MDCT-Stereo DTX: inter-channel coherence for perfectly correlated background noise is incorrectly decoded as negative value
Git SHA: 518d9f24
In ivas_decision_matrix_dec.c:51++, there is the array get_next_index_4_by_15 stored for decoding the inter-channel coherence in MDCT-Stereo DTX. The type is Word16, but the last value in the array (at index 15) is 32768, which is out of bounds for signed 16-bit integer. In case a 15 is decoded from the bitstream (which indicates a coherence of 1.0 between the two channels of background noise), in line 547 an overflow causes st->hFdCngDec->hFdCngCom->coherence_fx to become -32768 and three lines below st->hFdCngDec->hFdCngCom->coherence_flt is set to -1.0 due to the same reason. Later, e.g. in fd_cng_dec.c:1129, sqrt() is called on this negative value which results in a NaN value and a later assert. The coherence value should always be in [0, 1.0].

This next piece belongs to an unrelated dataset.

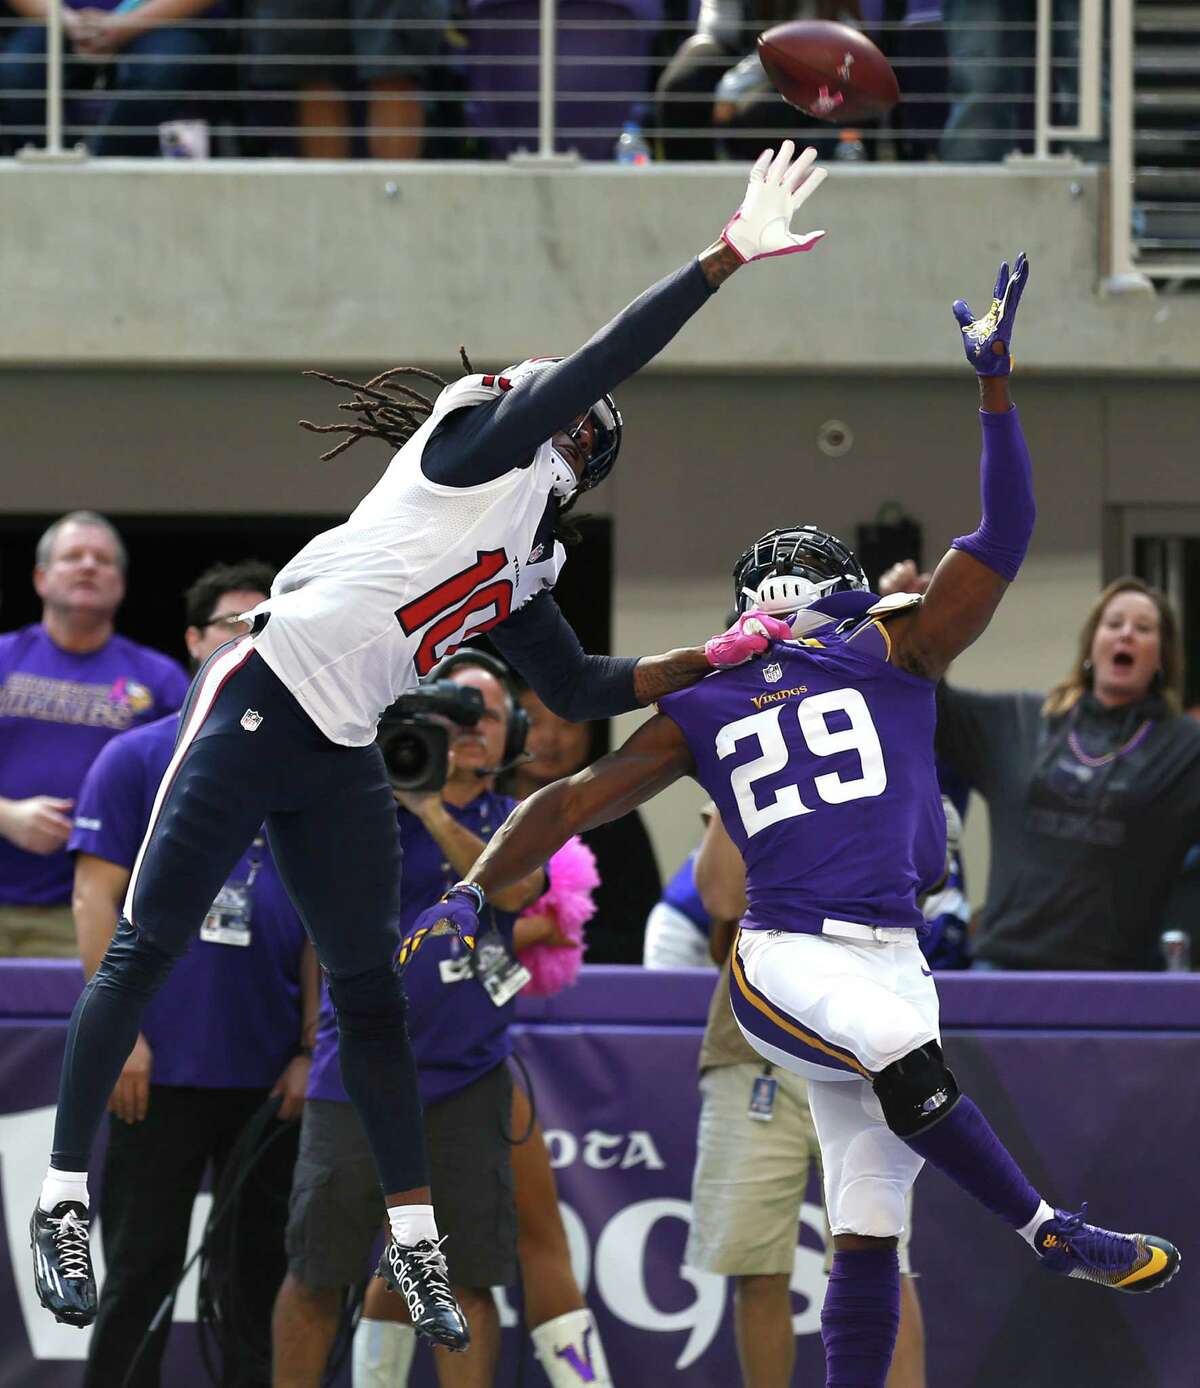 Houston Texans wide receiver DeAndre Hopkins (10) can't reach a high pass in the end zone with Minnesota Vikings cornerback Xavier Rhodes (29) defending during the second quarter of an NFL football game at U.S. Bank Stadium on Sunday, Oct. 9, 2016, in Minneapolis.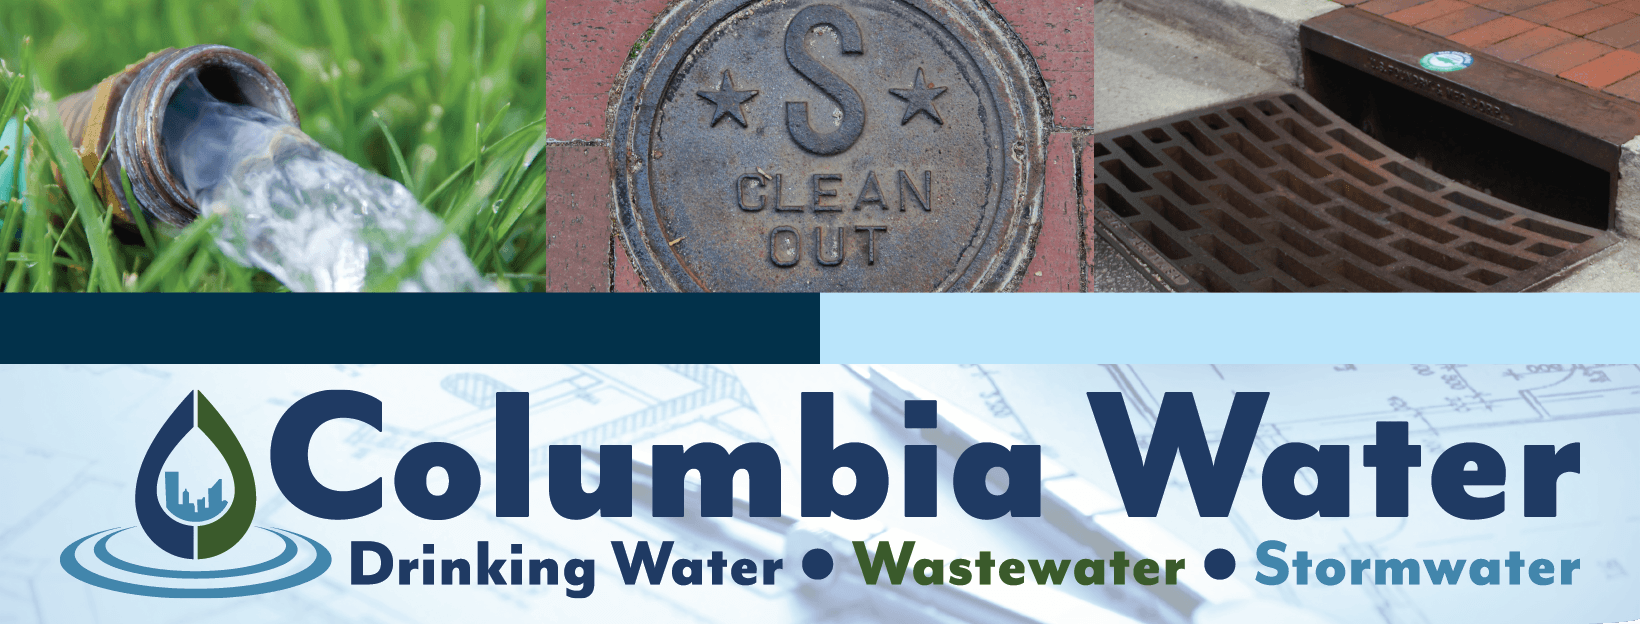 Columbia Pipe Logo - Welcome to the City of Columbia ::

This is the cause for the failure of testcase tests/test_param_file_ltv.py::test_param_file_tests[stereo at 48 kbps, 48 kHz in, 48 kHz out, DTX on] from e.g. https://forge.3gpp.org/rep/sa4/audio/ivas-basop/-/jobs/218035. I stumbled over this with other internal testfiles and only later realized that this is already happening there, so maybe all this info is already known - if not, I hope the analysis helps a bit. In this testcase, the problem occurs in frame 7251:
./IVAS_cod -stereo -dtx 48000 48 ltv48_STEREO.wav bit
./IVAS_dec stereo 48 bit out.wav
My attempt at a fix can be found in the attached diff (apply with git apply diff_coherence_decoding.patch). With this the coherence value should be decoded correctly, but applying this diff causes the decoder to run into an assert already earlier, so there is some deeper analysis needed.